●立冬(りっとう)
冬の気たちそめていよいよひゆればなり
No.087
活動写真とアンパン
映画評論家淀川長治さんが亡くなられたのは平成10年11月。淀川さんは映画の街、神戸に生まれ、映画好きの両親に育てられました。淀川さんが映画少年だった頃、各映画館に名物のおやつがあって、あんパンや氷小豆を頬張りながら活動写真に食い入っていたそうです。
仲直りのお善哉
オダサク・・・織田作之助。不朽の名作「夫婦善哉」を書いた作家です。大阪庶民の風俗を描き、人気作家へ。残念なことに30歳代で他界しましたが、人生の酸いも甘いもわきまえた作風は枯れた老作家の様で、どこか厭世的。

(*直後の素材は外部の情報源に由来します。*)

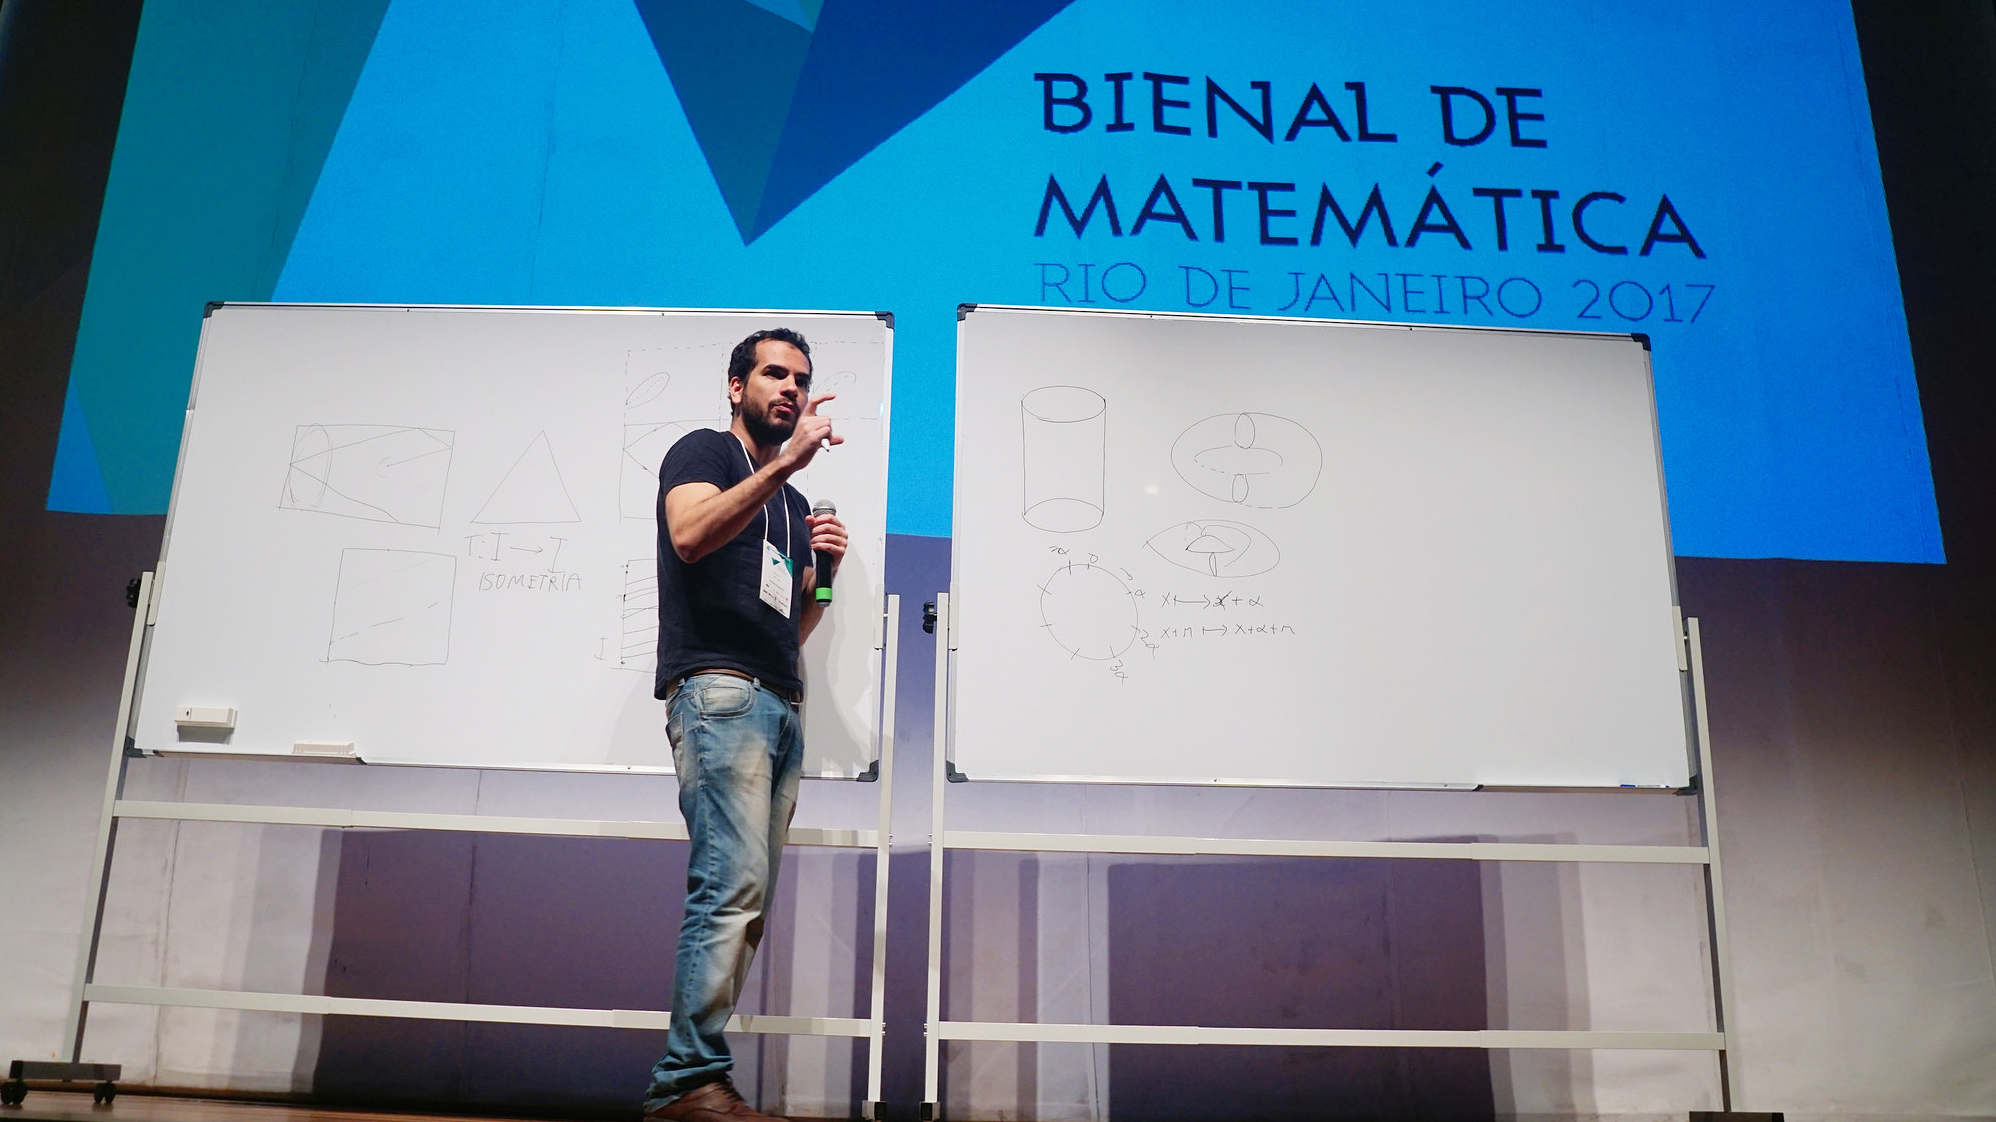 Arthur Avila lors de la biennale de maths à Rio 
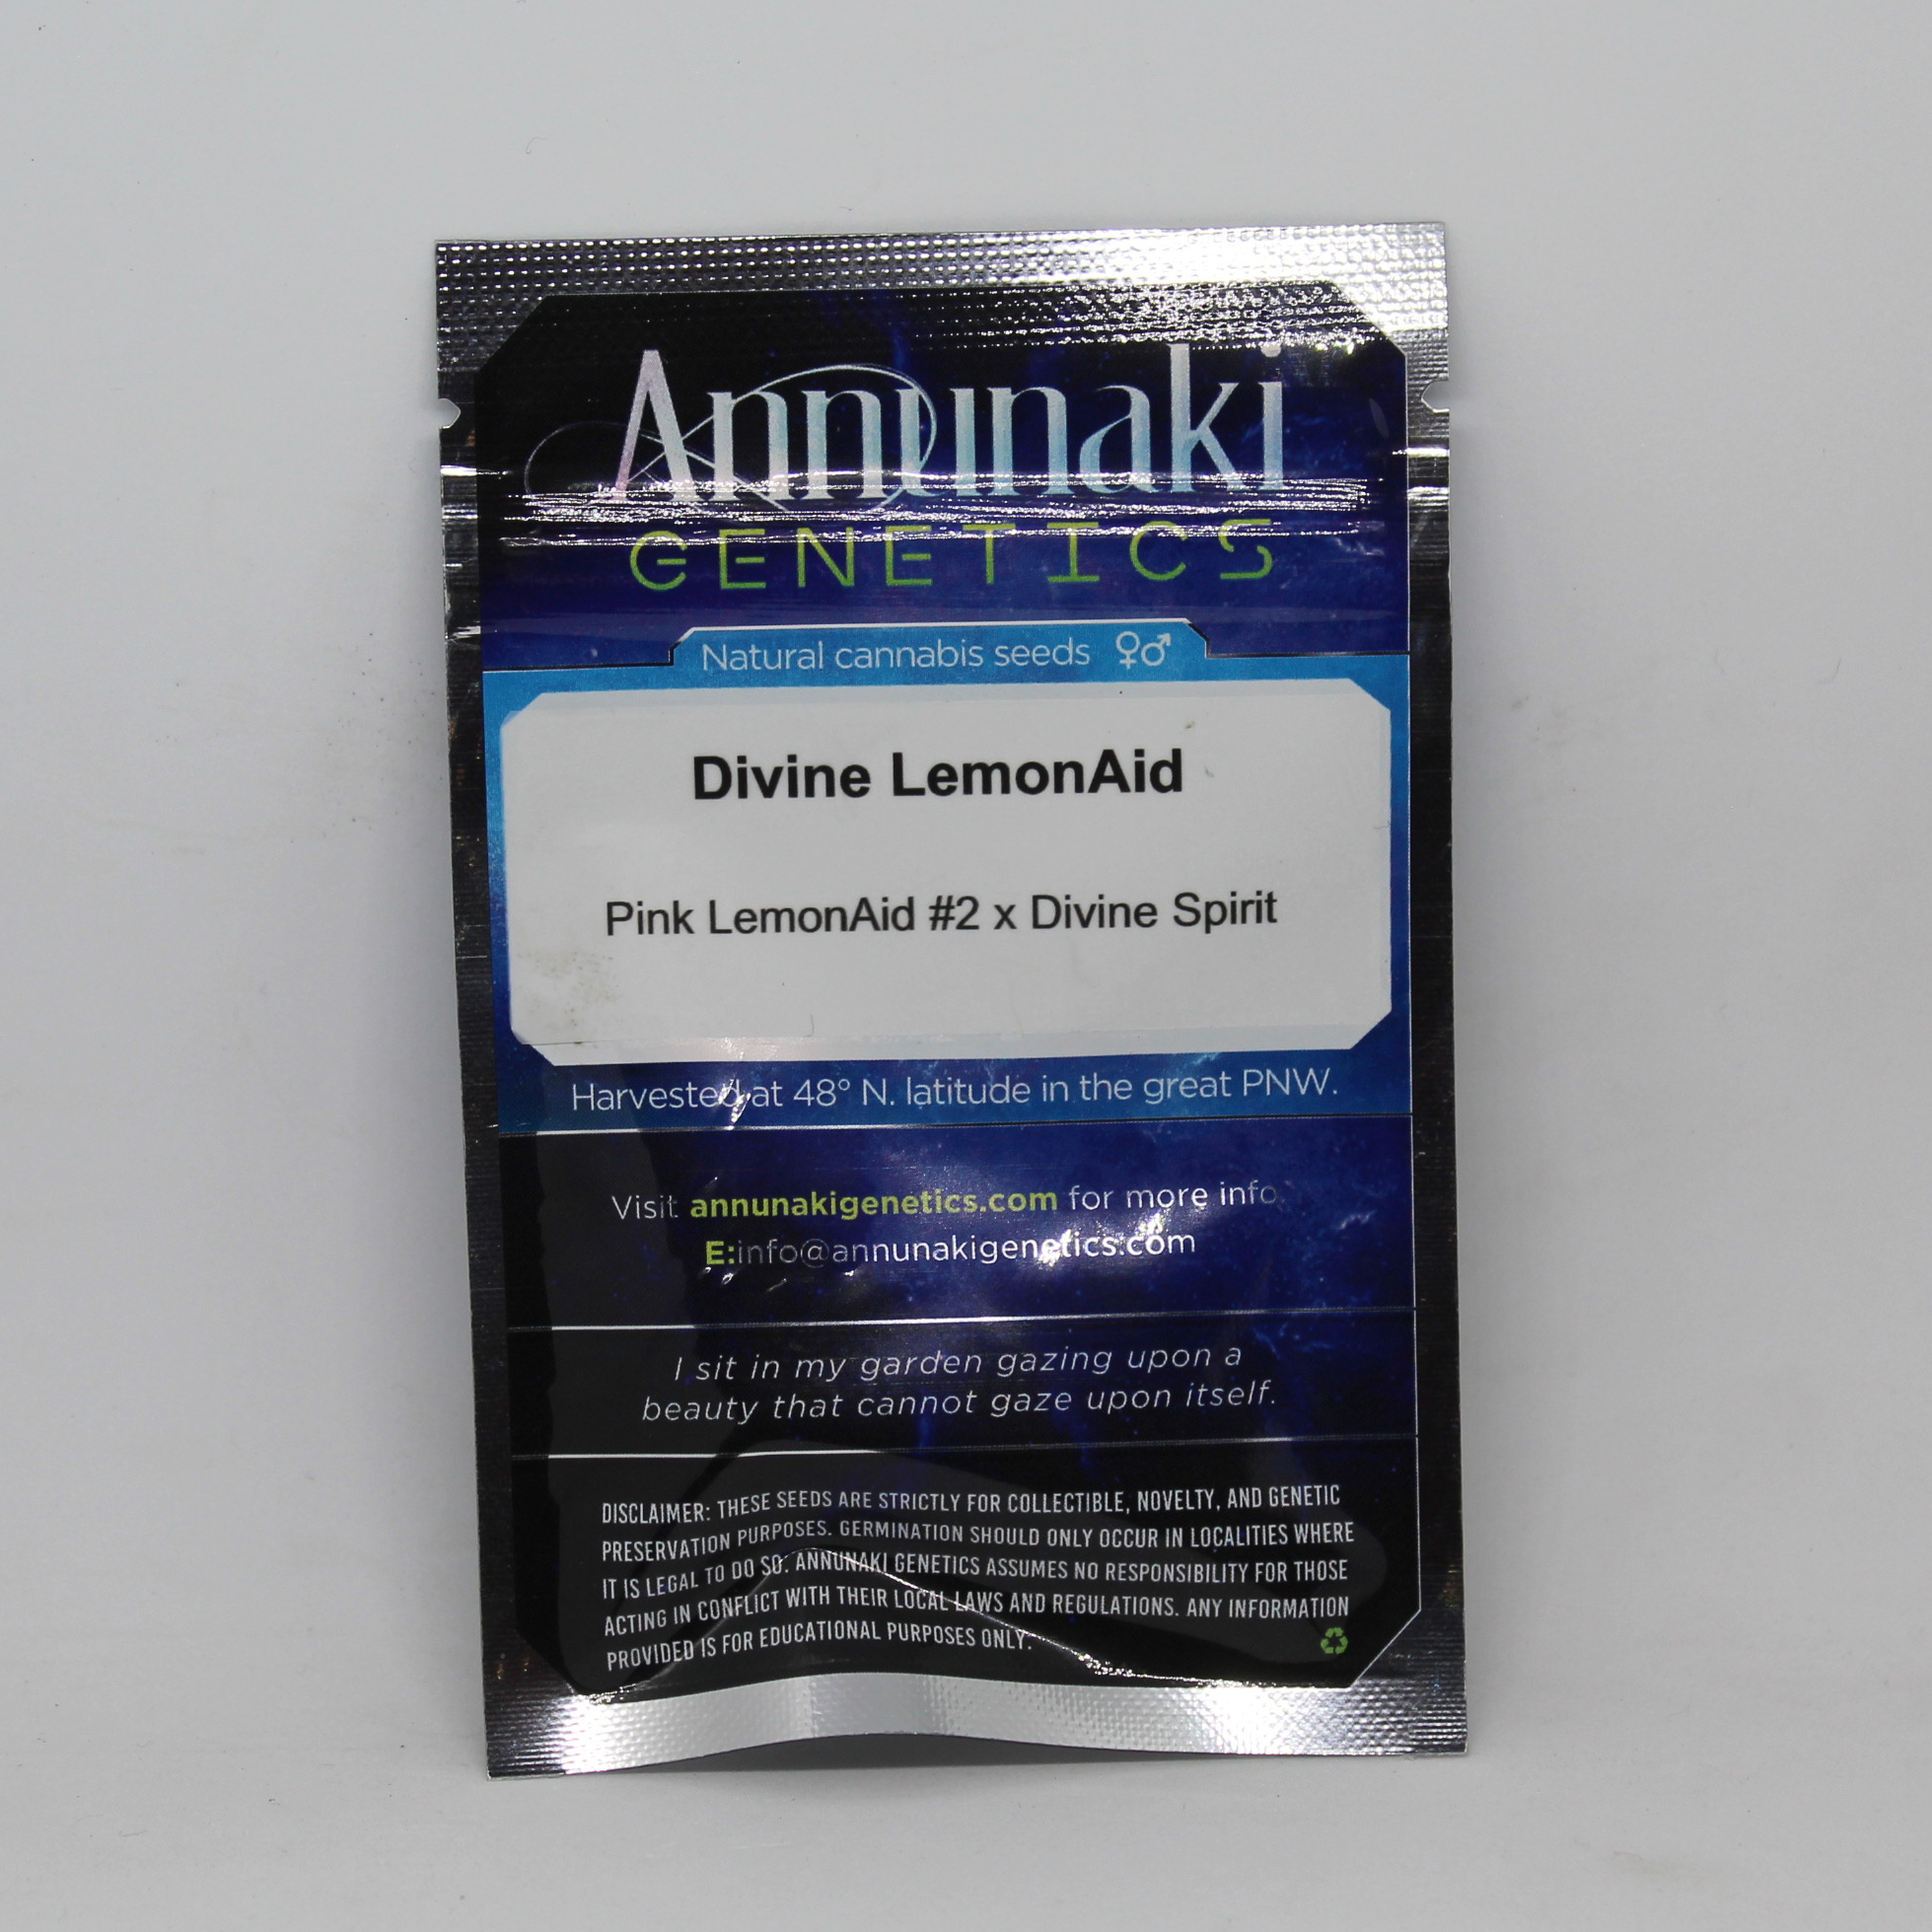 Divine LemonAid marijuana seed packs

ちょっと哀しいて、おもろうて、無情の世の中を転げる様に生きていく登場人物には親しみがもてます。「夫婦善哉」の主人公、蝶子と柳吉もそんな女と男。蝶子は雇女(芸者の役もする仲居)をしながら、ぼんぼんで遊び人の柳吉を養います。時には男になろうとする柳吉だが、その度に挫折。蝶子は、今度こそ別れたろうと思うけどなんでか別れられへん。柳吉の魅力の一つが庶民的食い道楽。ライスカレー、まむし(鰻丼)、関東煮等々。そして一人前が二つのお椀に入っている夫婦善哉。温かい小豆の善哉を二人仲良くすする場面で小説は終わります。夫婦喧嘩の後に、お父さん、一度参考に。